Book Image

Windows Server 2019 Automation with PowerShell Cookbook - Third Edition

By : Thomas Lee
Book Image

Windows Server 2019 Automation with PowerShell Cookbook - Third Edition

By: Thomas Lee

Overview of this book

Windows Server 2019 is the latest version of Microsoft’s flagship server operating system. It also comes with PowerShell Version 5.1 and offers a number of additional features that IT professionals will find useful. This book is designed to help you learn how to use PowerShell and manage the core roles, features, and services of Windows Server 2019. You will begin by creating a PowerShell Administrative Environment that features updated versions of PowerShell, the Windows Management Framework, .NET Framework, and third-party modules. Next, you will learn to use PowerShell to set up and configure Windows Server 2019 networking and understand how to manage objects in the Active Directory (AD) environment.

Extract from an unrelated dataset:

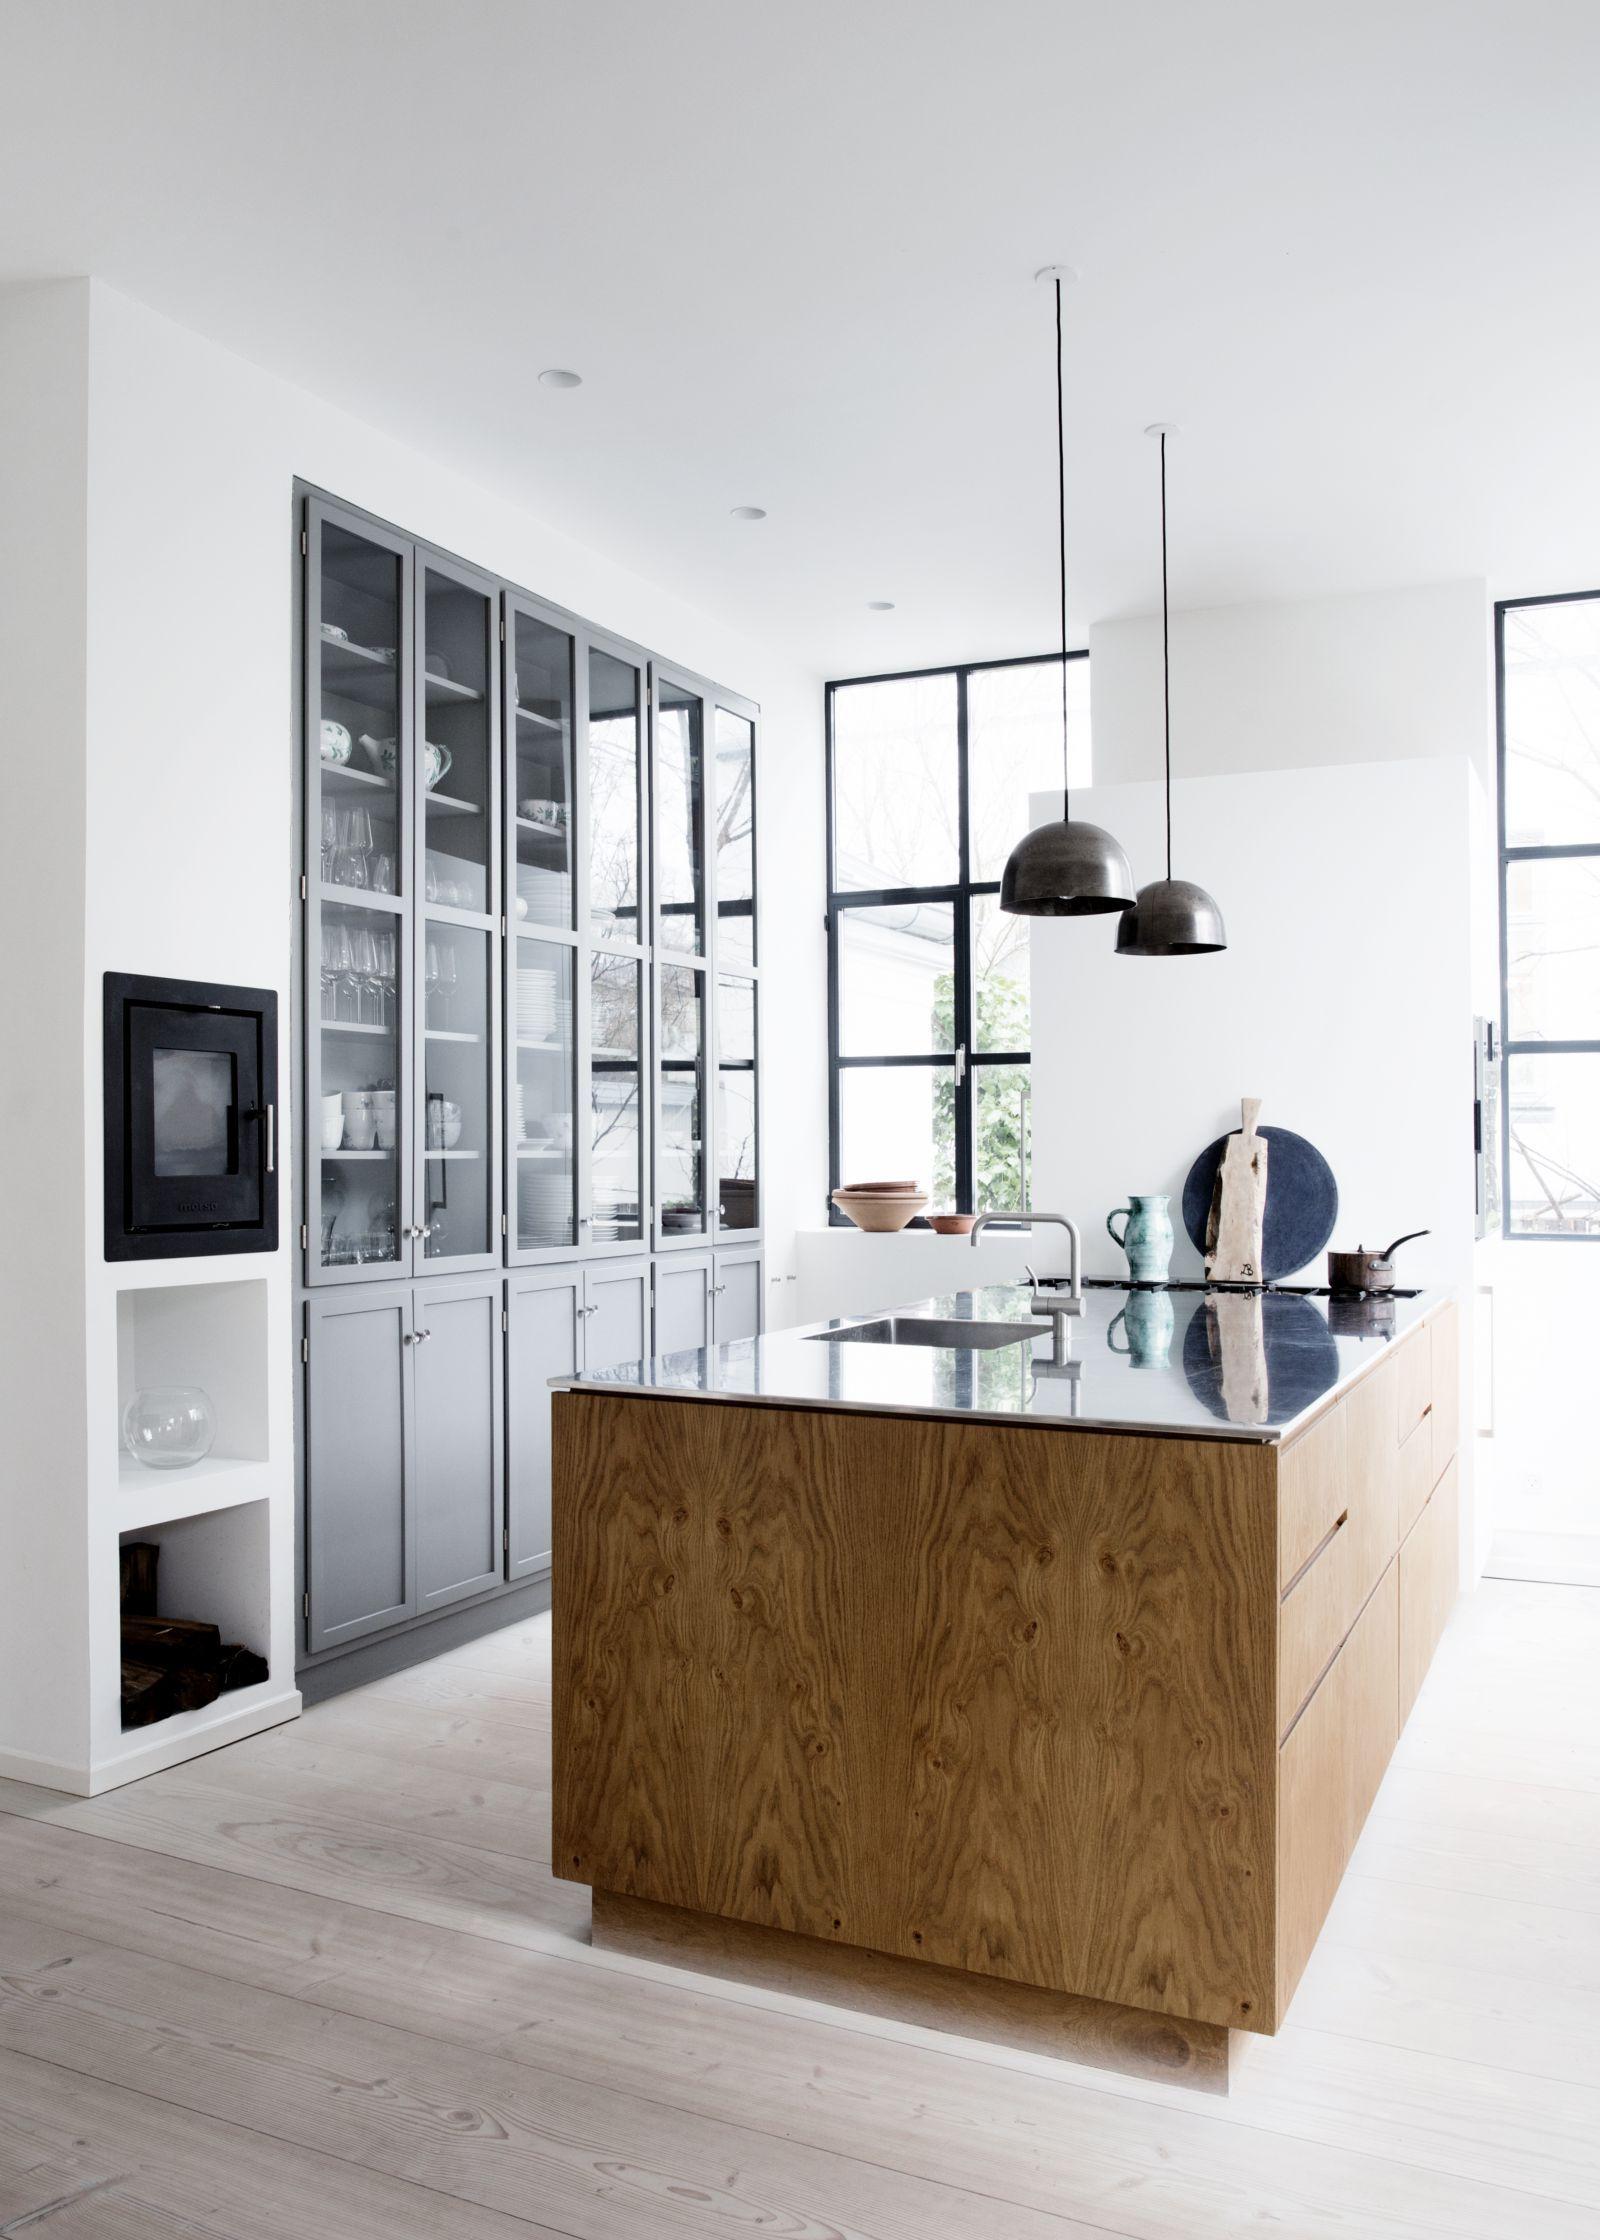 Ra house pinterest gray kitchens kitchens and kitchen

The book will also guide you in setting up a host to utilize containers and deploying containers. Further along, you will be able to implement different mechanisms to achieve Desired State Configuration. The book will then get you up to speed with Azure infrastructure, in addition to helping you get to grips with setting up virtual machines (VMs), websites, and file share on Azure. In the concluding chapters, you will be able to deploy some powerful tools to diagnose and resolve issues with Windows Server 2019. By the end of this book, you will be equipped with a number of useful tips and tricks to automate your Windows environment with PowerShell.
Table of Contents (19 chapters)
Windows Server 2019 Automation with PowerShell Cookbook Third Edition
Foreword
Contributors
Preface
Index

Preface

PowerShell was first introduced to the world at the Professional Developer's conference in Los Angeles in 2003 by Jeffrey Snover. Code-named Monad, it represented a complete revolution in management. A white paper written around that time, The Monad Manifesto (refer to http://www.jsnover.com/blog/2011/10/01/monad-manifesto/) remains an amazing analysis of the problem at the time – that of managing large numbers of Windows systems. A key takeaway is that the GUI does not scale, whereas PowerShell does.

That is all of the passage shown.